| Information supplied |
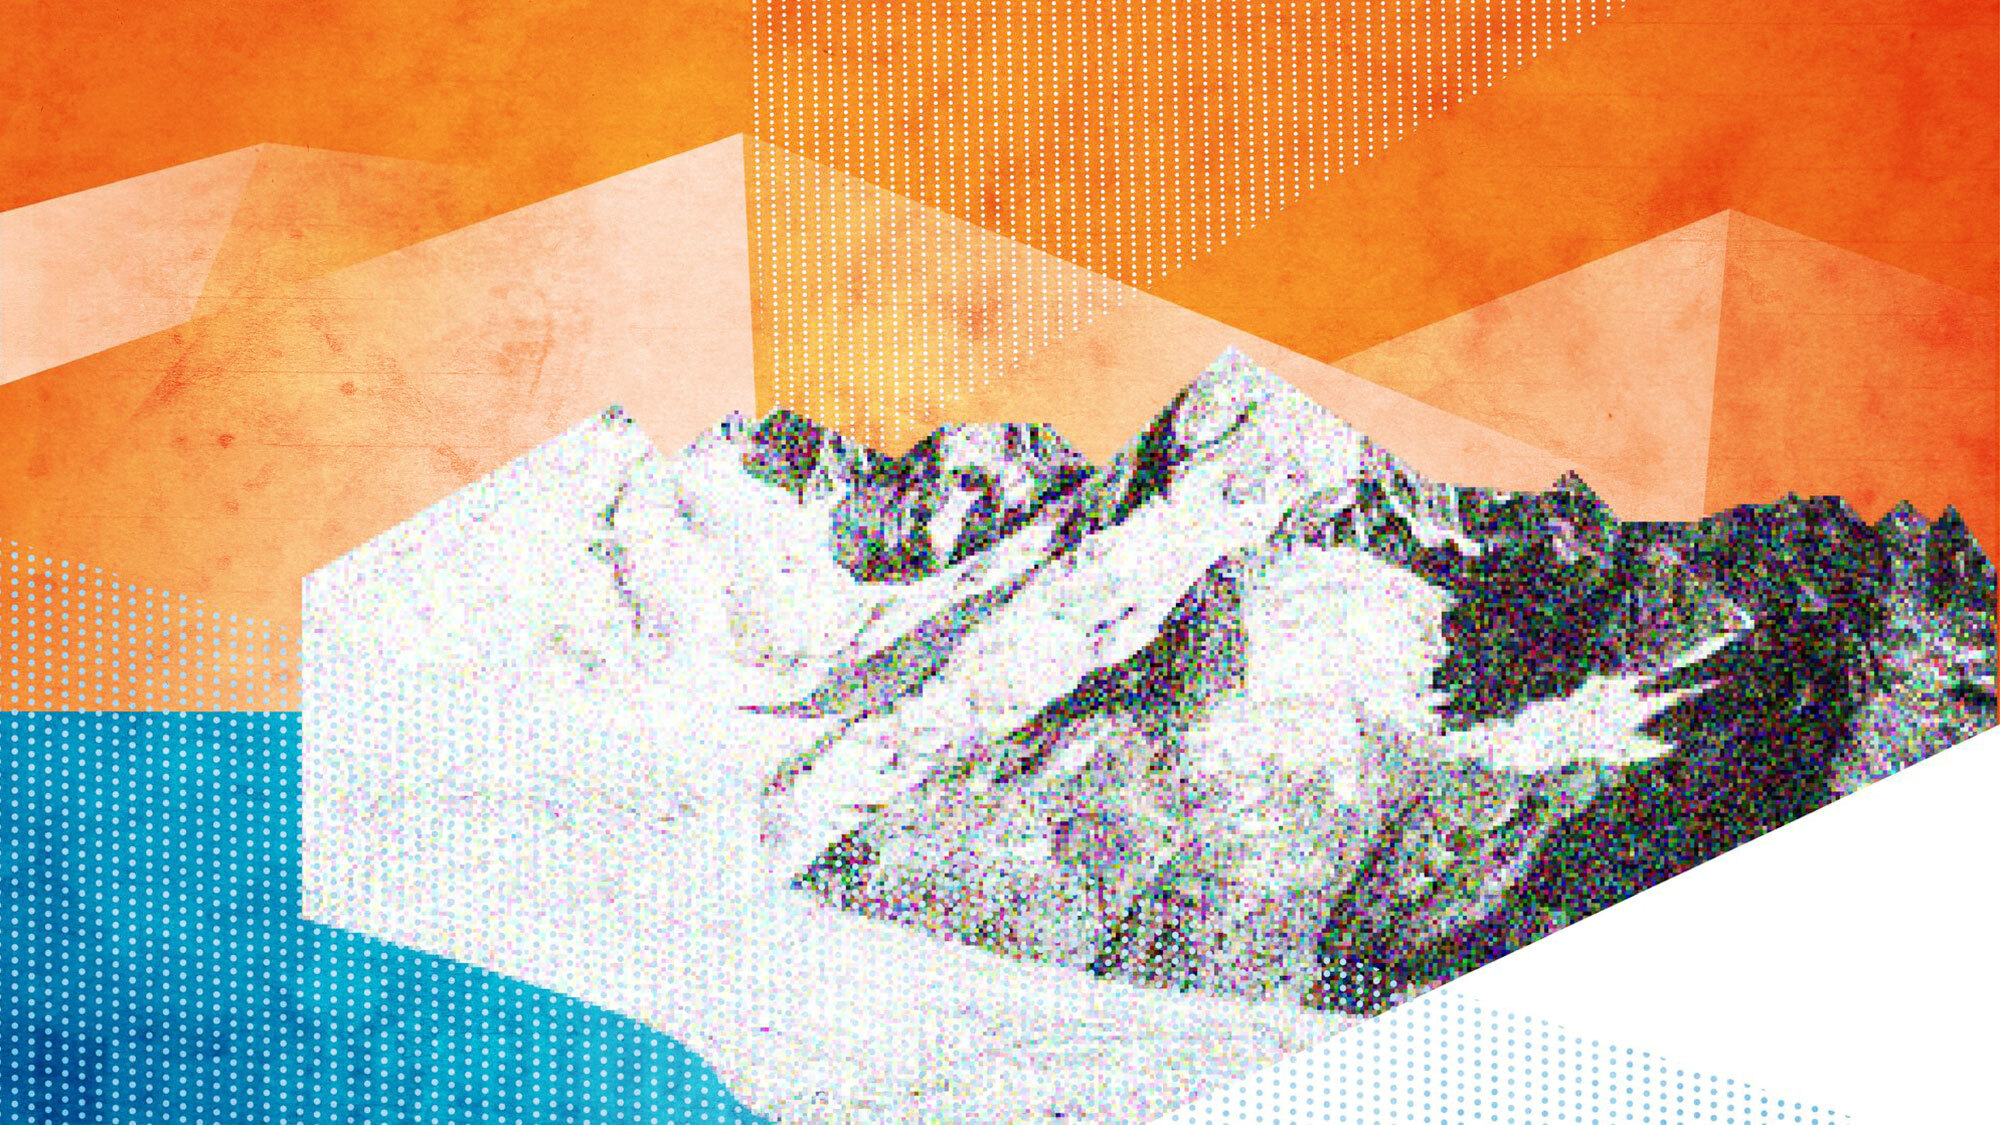 Berge in Bewegung – Alpen in Gefahr?
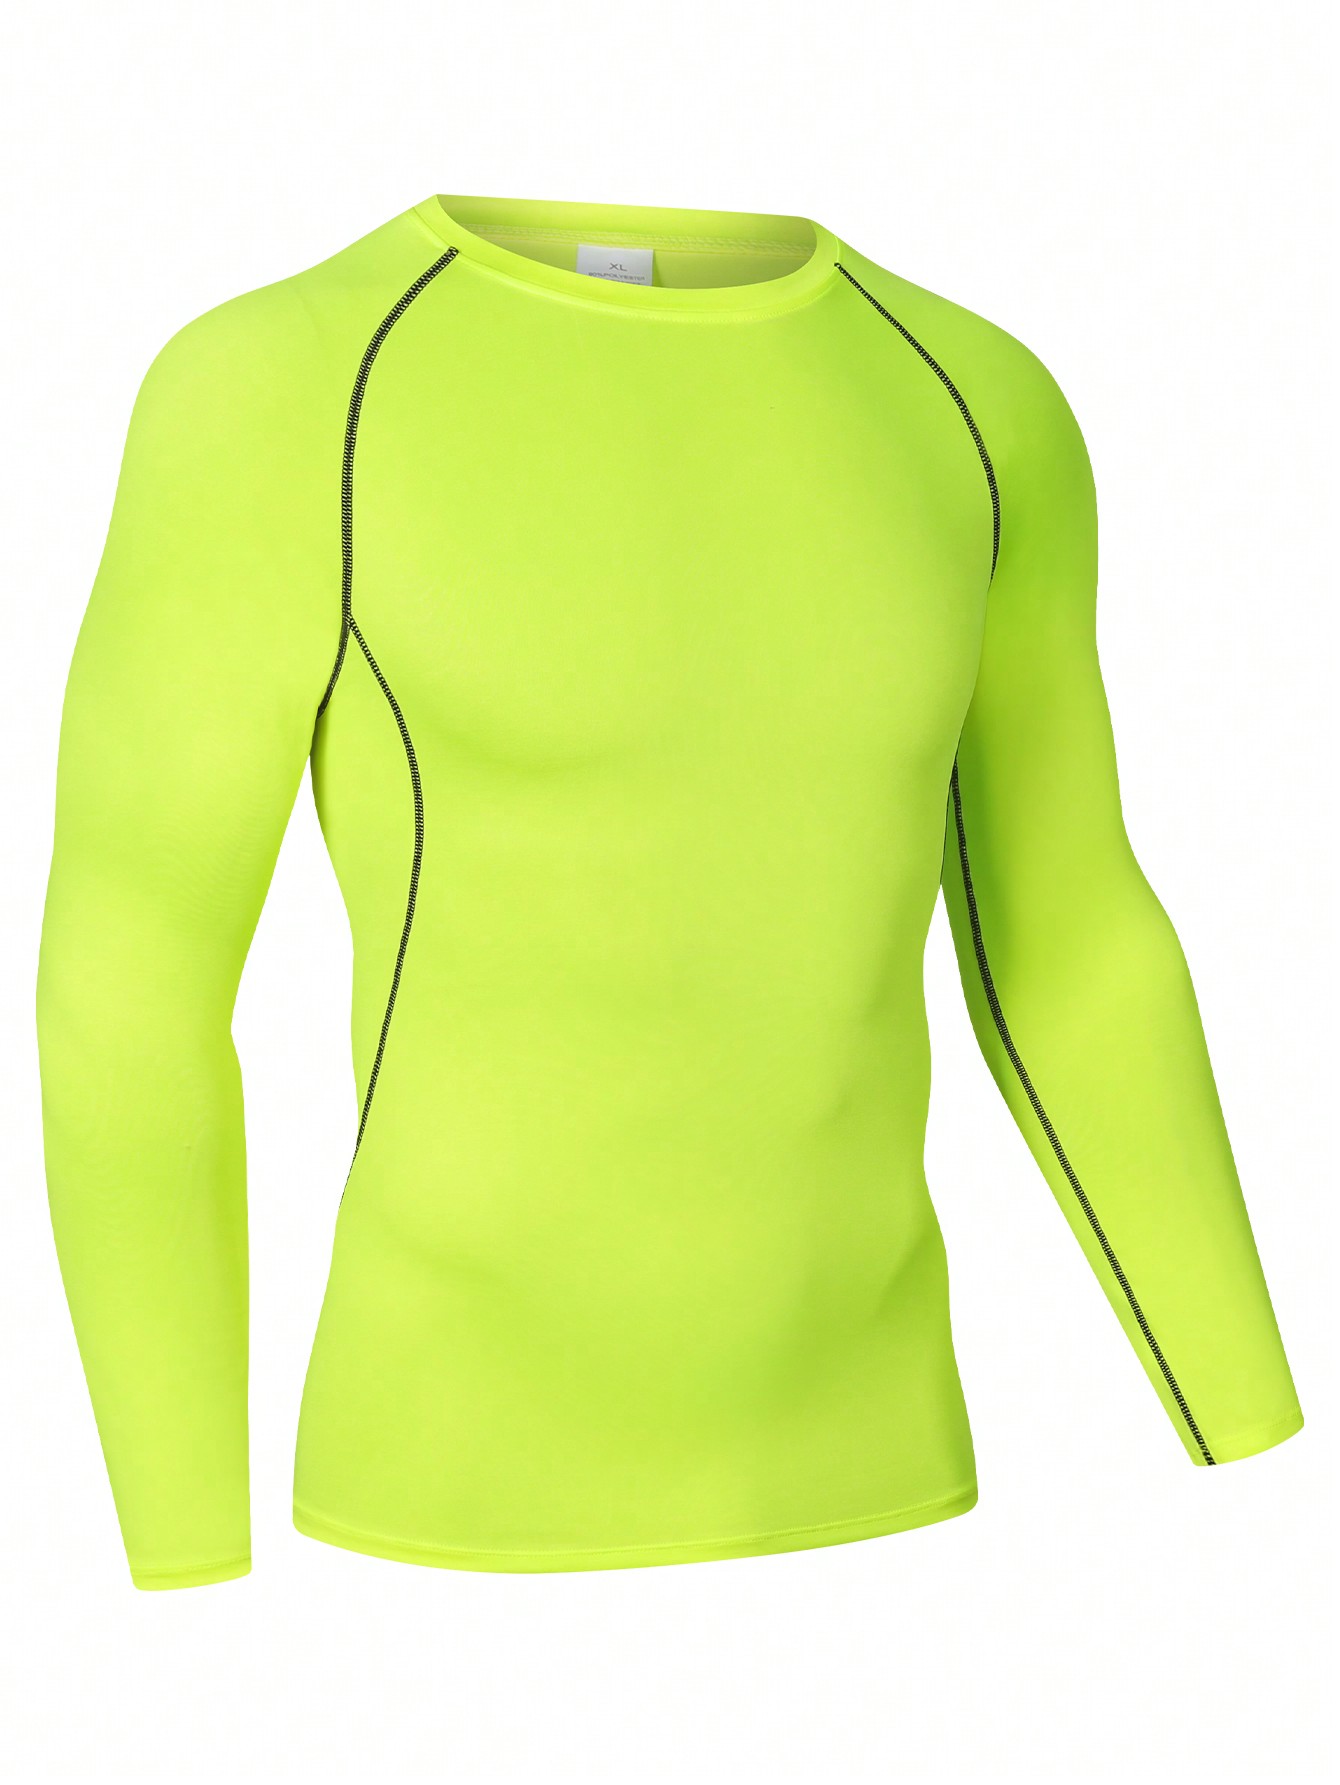 Мужская эластичная компрессионная рубашка для фитнеса с длинными рукавами, зеленый фото
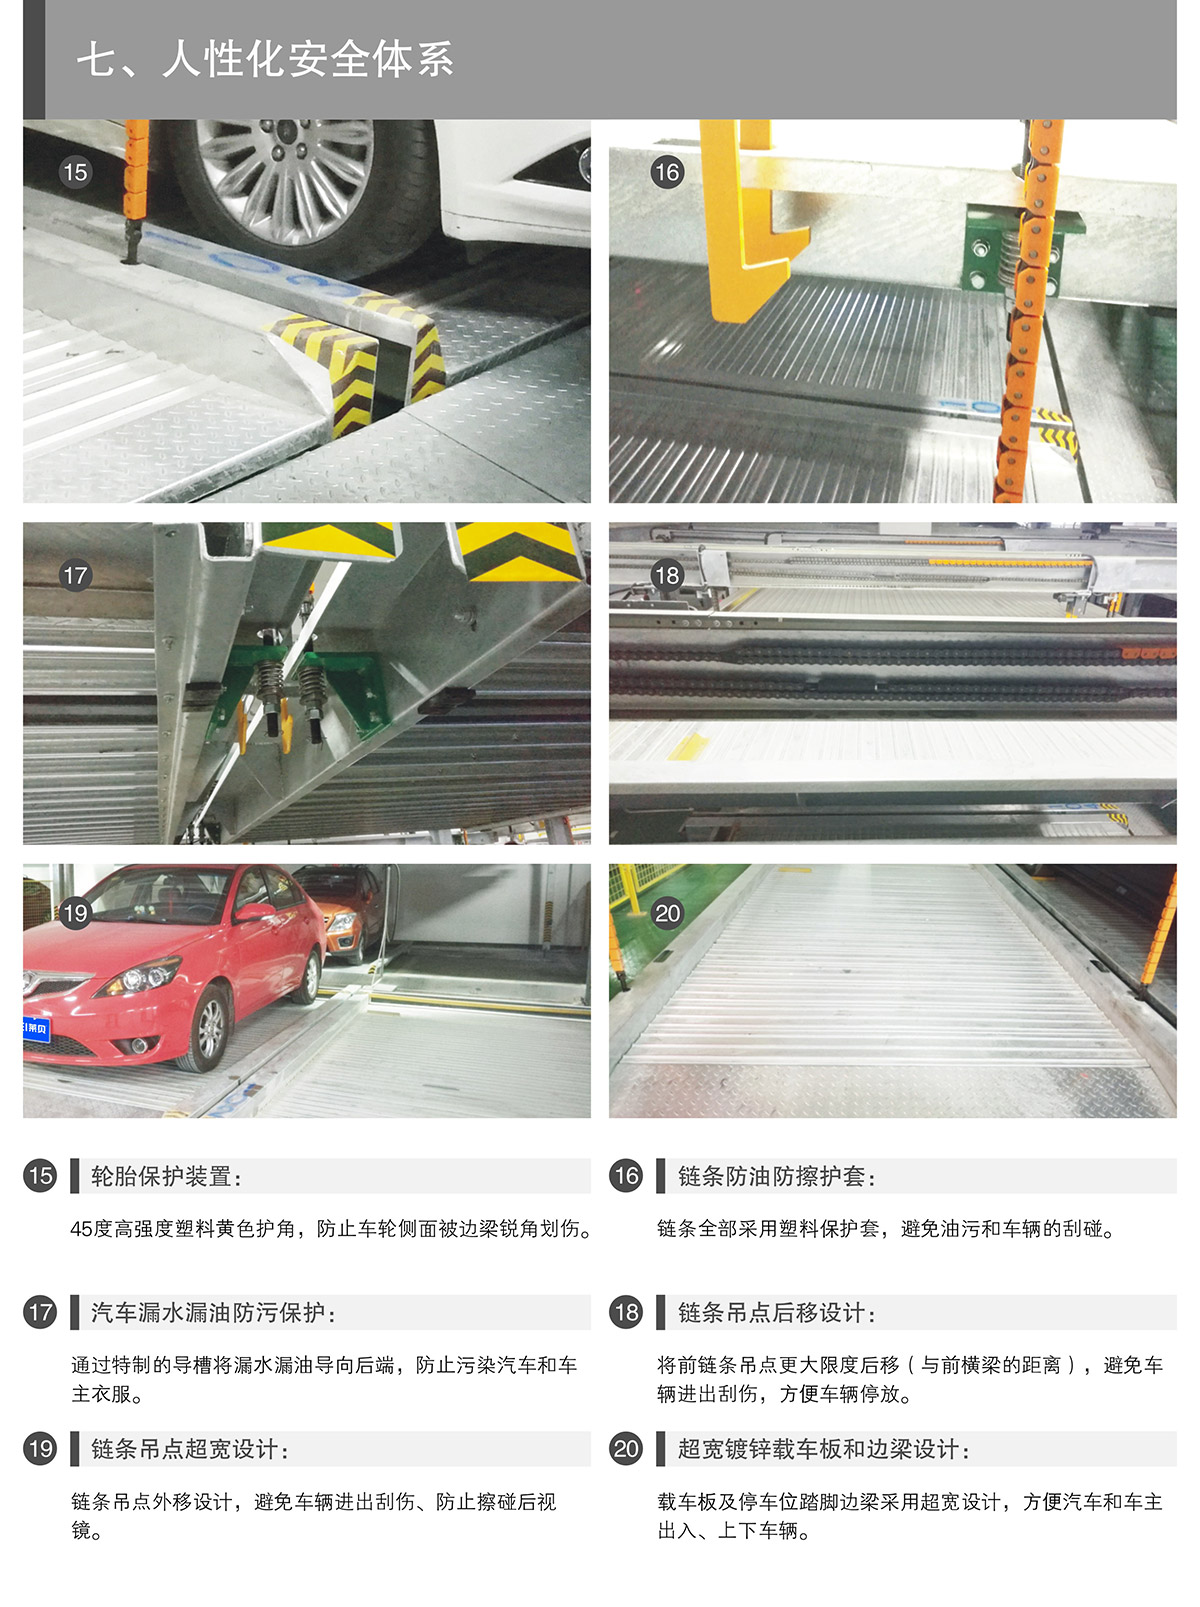 重庆PSH3-D1负一正二地坑三层升降横移类机械式立体停车设备人性化安全体系.jpg

| About this task |
Copy all the data exactly as written, but skip any picture.

| Response to this exercise |
 Berge in Bewegung – Alpen in Gefahr?
 Мужская эластичная компрессионная рубашка для фитнеса с длинными рукавами, зеленый фото
 重庆PSH3-D1负一正二地坑三层升降横移类机械式立体停车设备人性化安全体系.jpg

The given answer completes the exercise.